Rebekah is first mentioned in the genealogy of the descendants of Nahor, brother of Abraham (Gen 22:20-24). In fact, the family is there carried down just so far as is necessary in order to introduce this woman, for whose subsequent appearance and role the genealogy is obviously intended as a preparation. All this branch of the family of Terah had remained in Aram when Abraham and Lot had migrated to Canaan, and it is at Haran, "the city of Nahor," that we first meet Rebekah, when in Genesis 24 she is made known to Abraham's servant at the well before the gate.

That idyllic narrative of the finding of a bride for Isaac is too familiar to need rehearsal and too simple to require comment. Besides, the substance both of that story and of the whole of Rebekah's career is treated in connection with the sketches of the other actors in the same scenes. Yet we note from the beginning the maiden's decision of character, which appears in every line of the narrative, and prepares the reader to find in subsequent chapters the positive, ambitious and energetic woman that she there shows herself.

Though the object of her husband's love (Gen 24:67), Rebekah bore him no children for 20 years (Gen 25:20,26). Like Sarah, she too was barren, and it was only after that score of years and after the special intercession of Isaac that God at length granted her twin sons. "The purpose of God according to election," as Paul expresses the matter in Rom 9:11, was the cause of that strange oracle to the wondering, inquiring parents, "The elder shall serve the younger" (Gen 25:23).
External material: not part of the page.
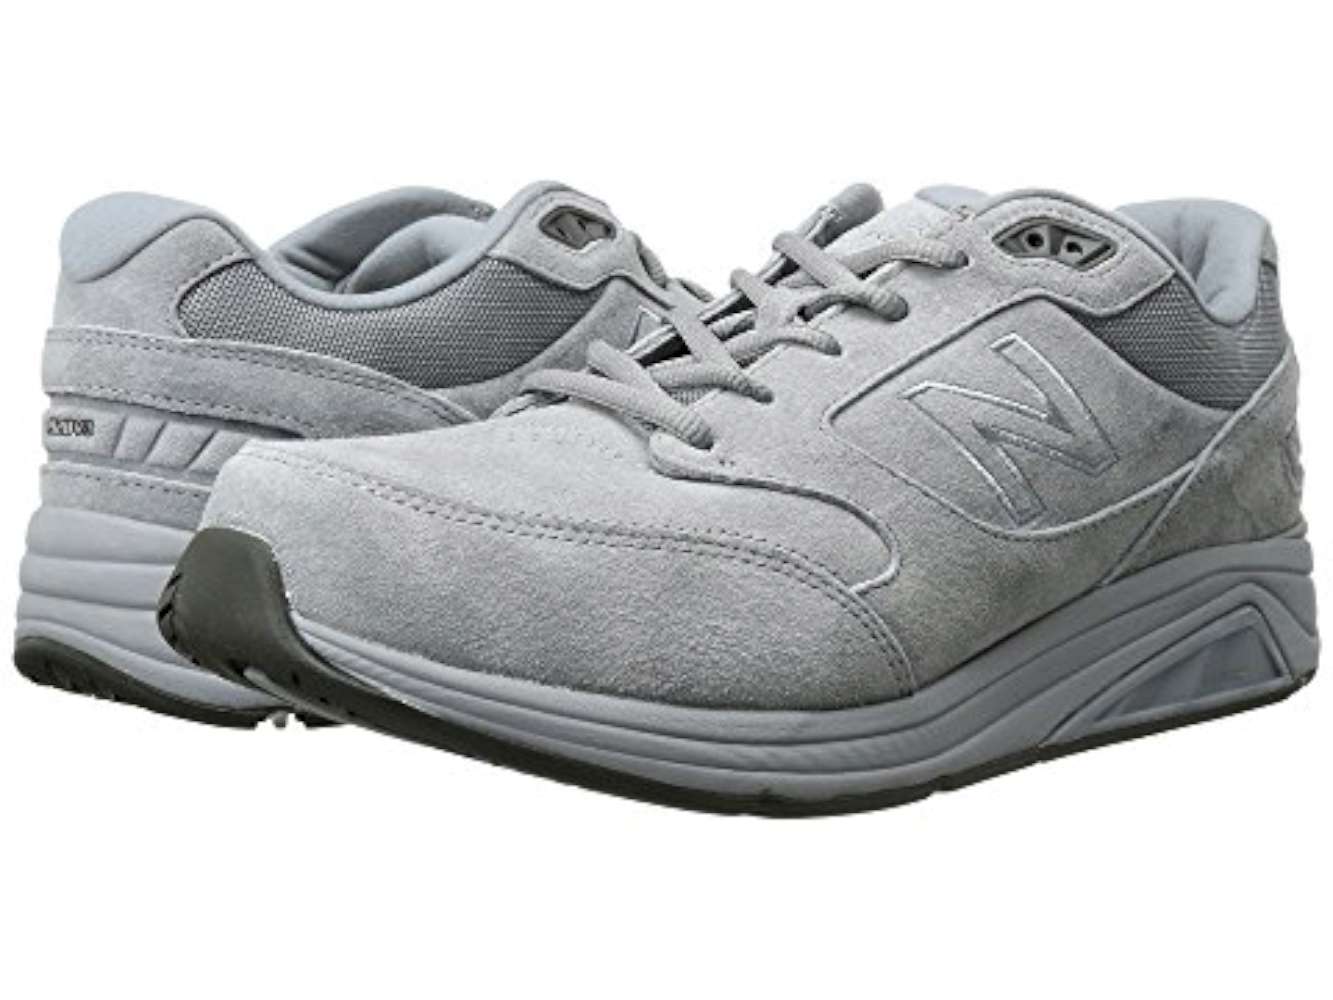 Walking Shoes, Grey, Size 7.5 s5aX

Whether because of this oracle or for some other reason, it was that younger son, Jacob, who became the object of his mother's special love (Gen 25:28). She it was who led him into the deception practiced upon Isaac (Gen 27:5-17), and she it was who devised the plan for extricating Jacob from the dangerous situation into which that deception had brought him (Gen 27:42-46). When the absence of Jacob from home became essential to his personal safety, Rebekah proposed her own relations in Aram as the goal of his journey, and gave as motive the desirability of Jacob's marrying from among her kindred. Probably she did not realize that in sending her favorite son away on this journey she was sending him away from her forever. Yet such seems to have been the case. Though younger than Isaac, who was still living at an advanced age when Jacob returned to Canaan a quarter of a century later, Rebekah seems to have died during that term. We learn definitely only this, that she was buried in the cave of Machpelah near Hebron (Gen 49:31).
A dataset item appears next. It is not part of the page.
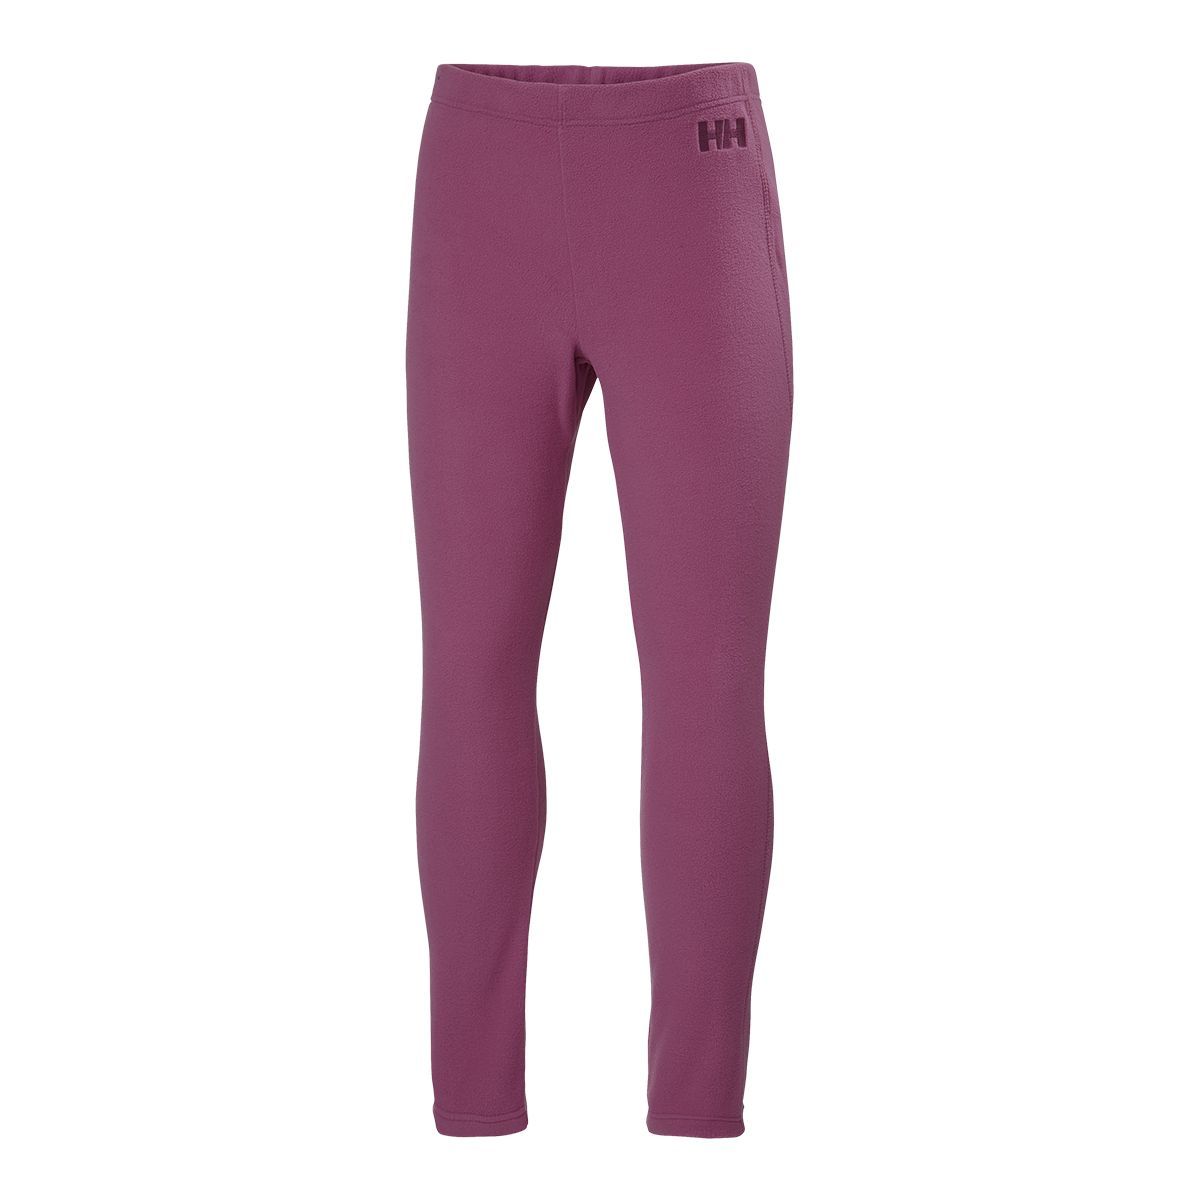 Helly Hansen Junior Daybreaker Tights: Active Comfort and Style

Outside of Genesis, Rebekah is alluded to in Scripture only in the passage from Romans (9:10-12) already cited. Her significance there is simply that of the wife of Isaac and the mother of two sons of such different character and destiny as Esau and Jacob. And her significance in Gen, apart from this, lies in her contribution to the family of Abraham of a pure strain from the same eastern stock, thus transmitting to the founders of Israel both an unmixed lineage and that tradition of separateness from Canaanite and other non-Hebrew elements which has proved the greatest factor in the ethnological marvel of the ages, the persistence of the Hebrew people.